Cornelius Brown

No. 39
- Position: Cornerback

Personal information
- Born: February 26, 1988 (age 38) Houston, Texas, U.S.
- Listed height: 5 ft 11 in (1.80 m)
- Listed weight: 198 lb (90 kg)

Career information
- High school: Forest Brook (Houston)
- College: UTEP
- NFL draft: 2010: undrafted

Career history
- Chicago Bears (2010)*; Indianapolis Colts (2010–2011); Chicago Bears (2012)*; San Diego Chargers (2013)*; Hamilton Tiger-Cats (2014)*;
- * Offseason and/or practice squad member only

Awards and highlights
- Texas vs The Nation MVP (2010);

Career NFL statistics
- Total tackles: 24
- Pass deflections: 3
- Stats at Pro Football Reference

= Cornelius Brown (American football) =

American gridiron football player (born 1988)

Cornelius Brown (born February 26, 1988) is an American former professional football player who was a cornerback in the National Football League (NFL) for the Indianapolis Colts in 2010. He played college football for the UTEP Miners.

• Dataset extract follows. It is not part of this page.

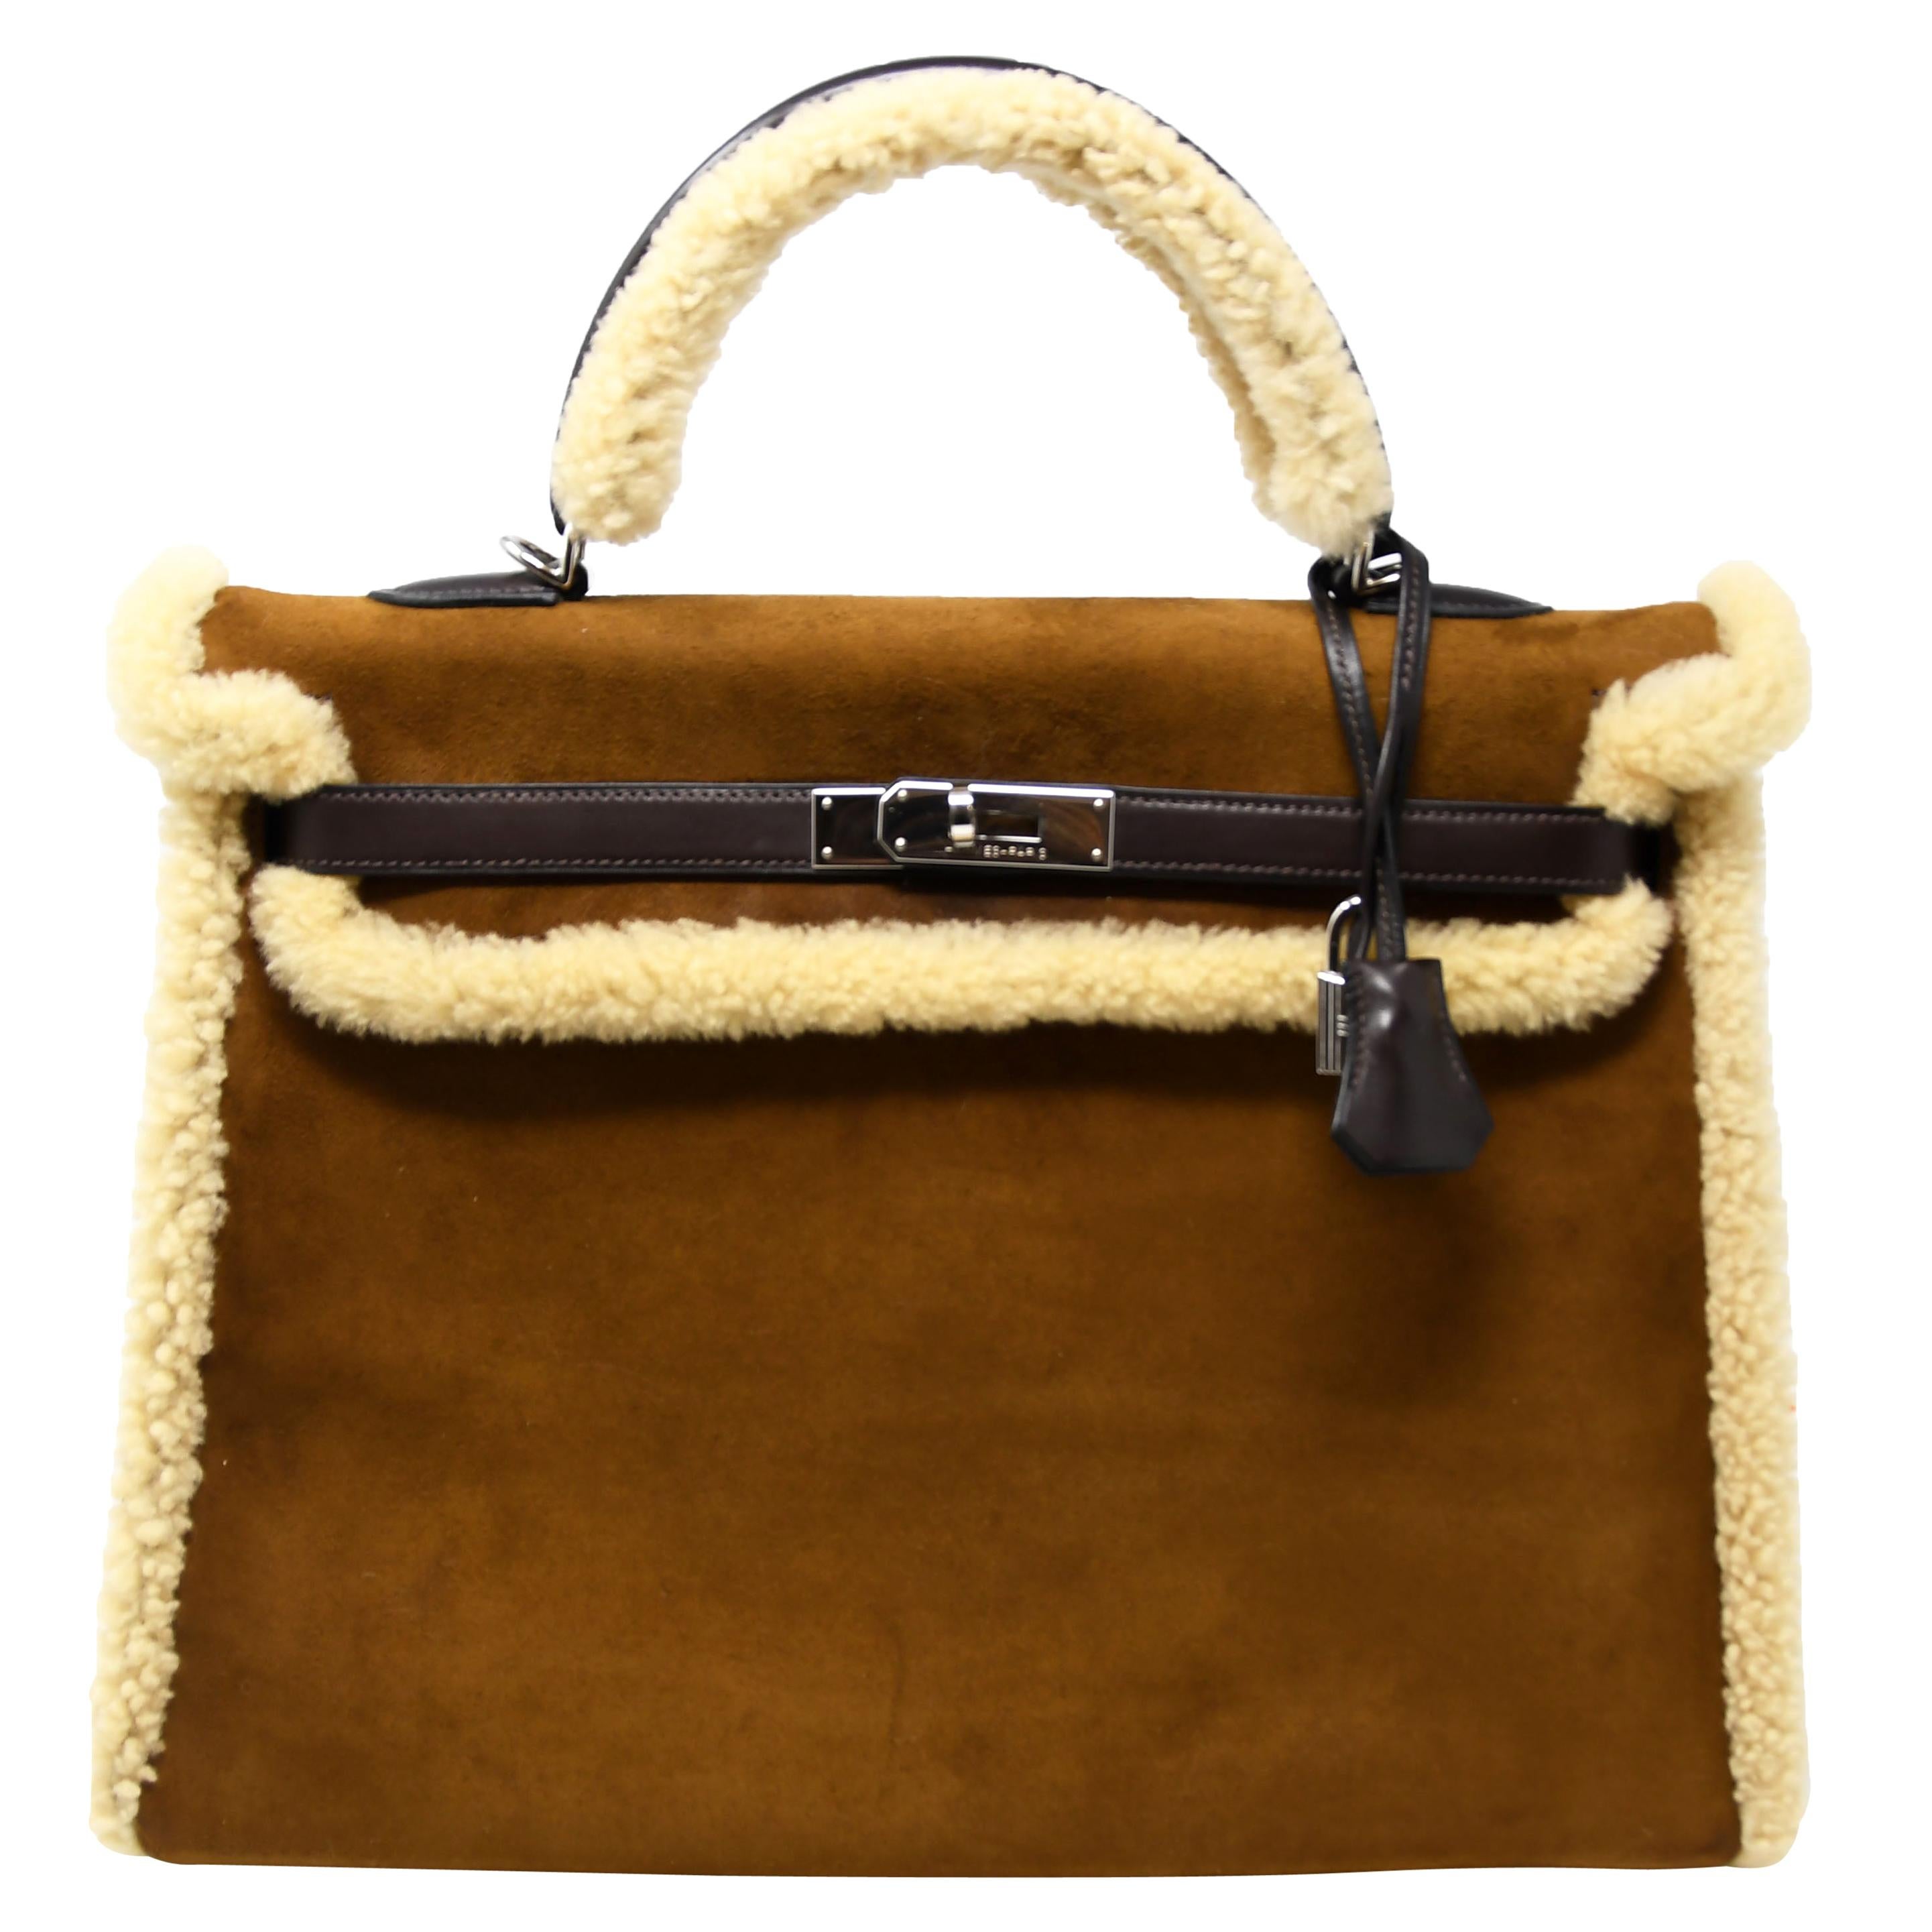 Chinoiserie Chic: The Original Birkin Bag

==Early life and college==
Brown was born in Houston, Texas, and attended Forest Brook High School. Brown was a four-year letterman for the Miners at the University of Texas at El Paso. He played 48 career games at defensive back and totaled 130 tackles. He also had 24 passes defensed, which is tied for second-most in school history, and was the MVP of the Texas vs The Nation game played on February 6, 2010.

==Professional career==

Brown was signed as a free agent with the Chicago Bears on April 25, 2010, before being waived on September 4, 2010. He was signed to the Indianapolis Colts practice squad two days later, on September 6. He was signed as a free agent for the Colts on November 1, 2010. With the 2010 Indianapolis Colts, Brown played in 10 NFL games, registering 22 total tackles (17 solo). He also returned five kicks, for a total of 102 yards.

Brown later rejoined the Bears on June 15, 2012. He was waived by Chicago on August 31. On April 8, 2013, Brown was signed by the San Diego Chargers. He was signed to the practice roster of the Hamilton Tiger-Cats of the Canadian Football League (CFL) on June 23, 2014. He was released by the Tiger-Cats on November 14, 2014.